Linnaeus already remarked on this species' breeding habits: Habitat in Europae collibus arenosis abruptis, foramine serpentino ("it lives in Europe, in winding holes in sheer sandy hills"). It has been observed that sand martins favour loess as a particular type of ground to nest in. Sand martins are generally found near larger bodies of water, such as rivers, lakes or even the ocean, throughout the year.

In Britain, the sand martin is the first of its family to appear on its breeding grounds, arriving from the middle of March, a week or two in advance of the barn swallow. In northern Ohio, they arrive in numbers by mid-April, about 10 days earlier than they did 100 years ago. At first, they flit over the larger bodies of water alone, in search of early flies. Later parties accompany other swallow species, but for a time, varying according to weather, the birds remain at these large waters and do not visit their nesting haunts. The sand martin departs early, at any rate from its more northerly haunts. In August, the gatherings at the nightly roost increase enormously, though the advent and departure of passage birds causes great irregularity in numbers. They are essentially gone from their breeding range by the end of September.

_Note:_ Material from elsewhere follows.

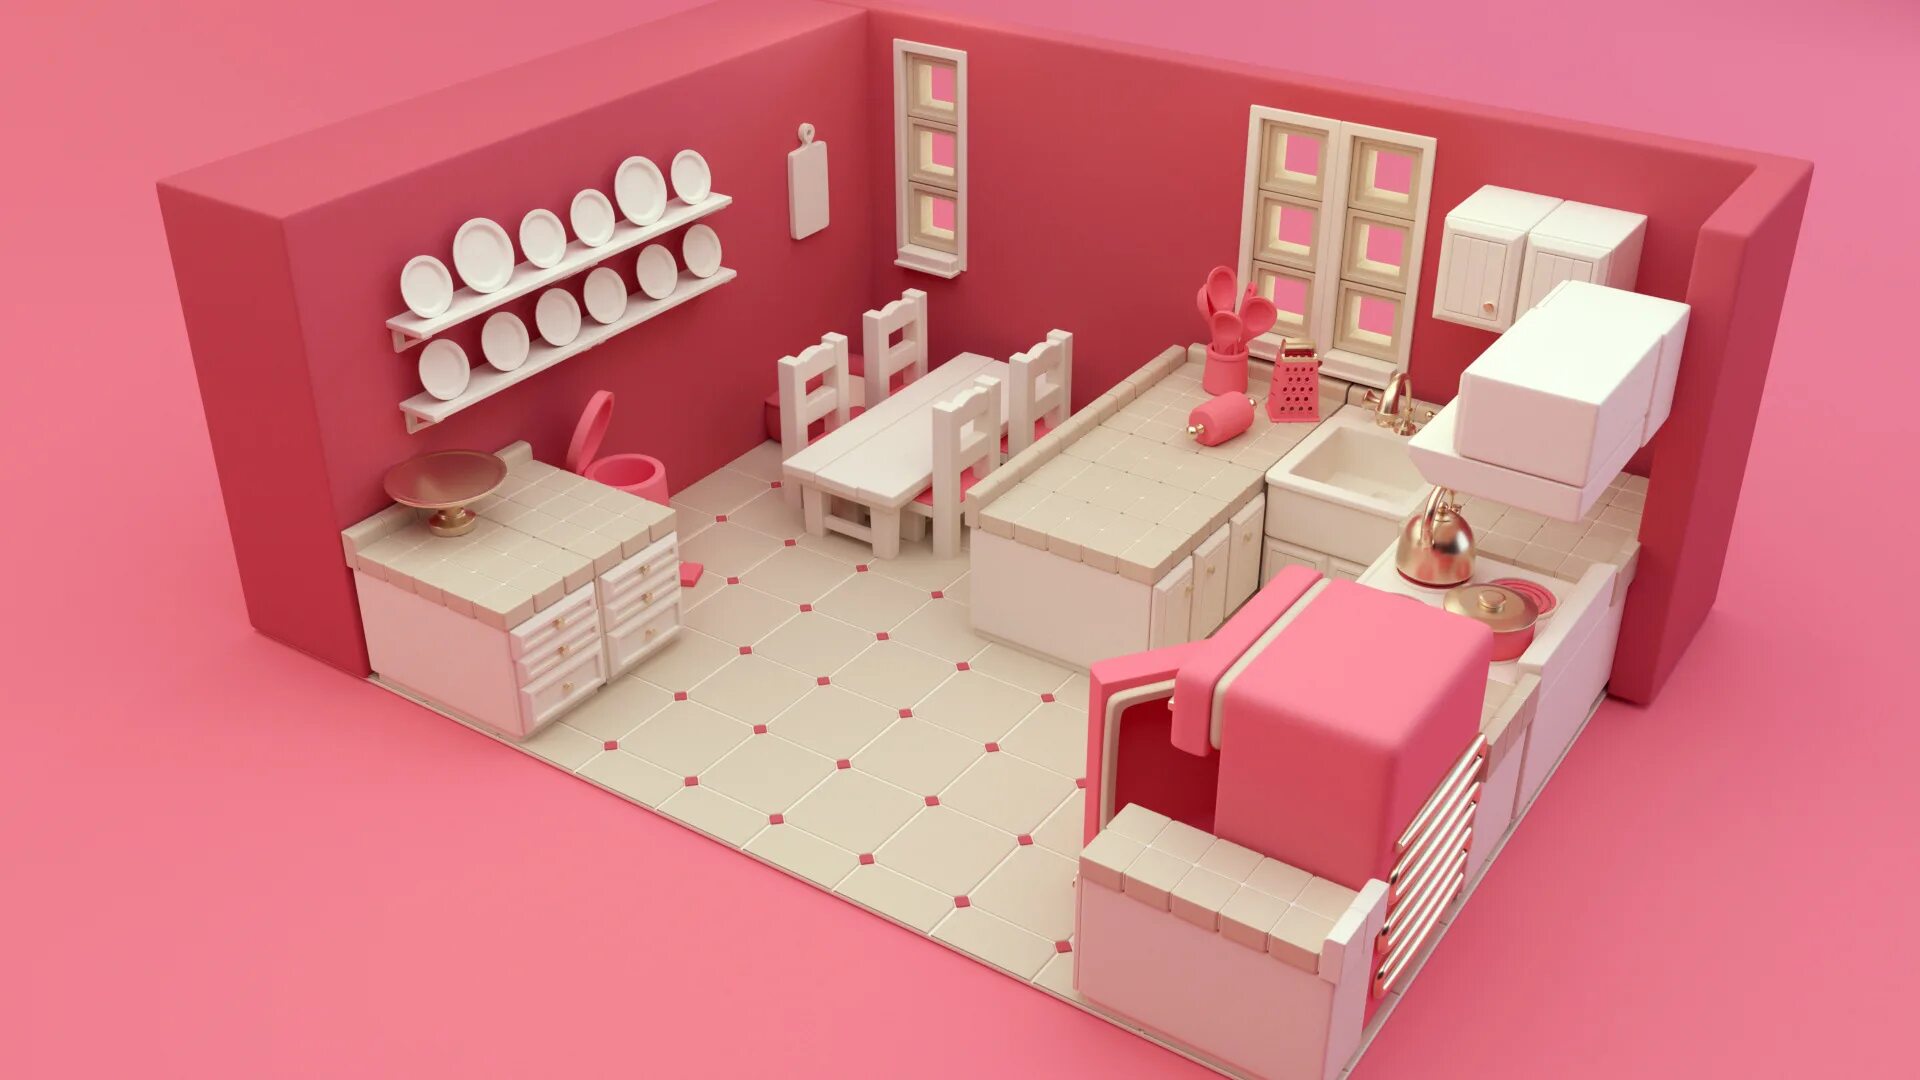 Candy shop 3. 3д модели для мастерской. 3d мастерская. Candy shop 3d. Мебель для Candy shop варианты.

Their food consists of small insects, mostly gnats and other flies whose early stages are aquatic.

The sand martin is sociable in its nesting habits; from a dozen to many hundred pairs will nest close together, according to available space. The nests are at the end of tunnels ranging from a few inches to three or four feet in length, bored in sand or gravel. The actual nest is a litter of straw and feathers in a chamber at the end of the burrow; it soon becomes a hotbed of parasites. Four or five white eggs are laid about mid-late May, and a second brood is usual in all but the most northernly breeding sites.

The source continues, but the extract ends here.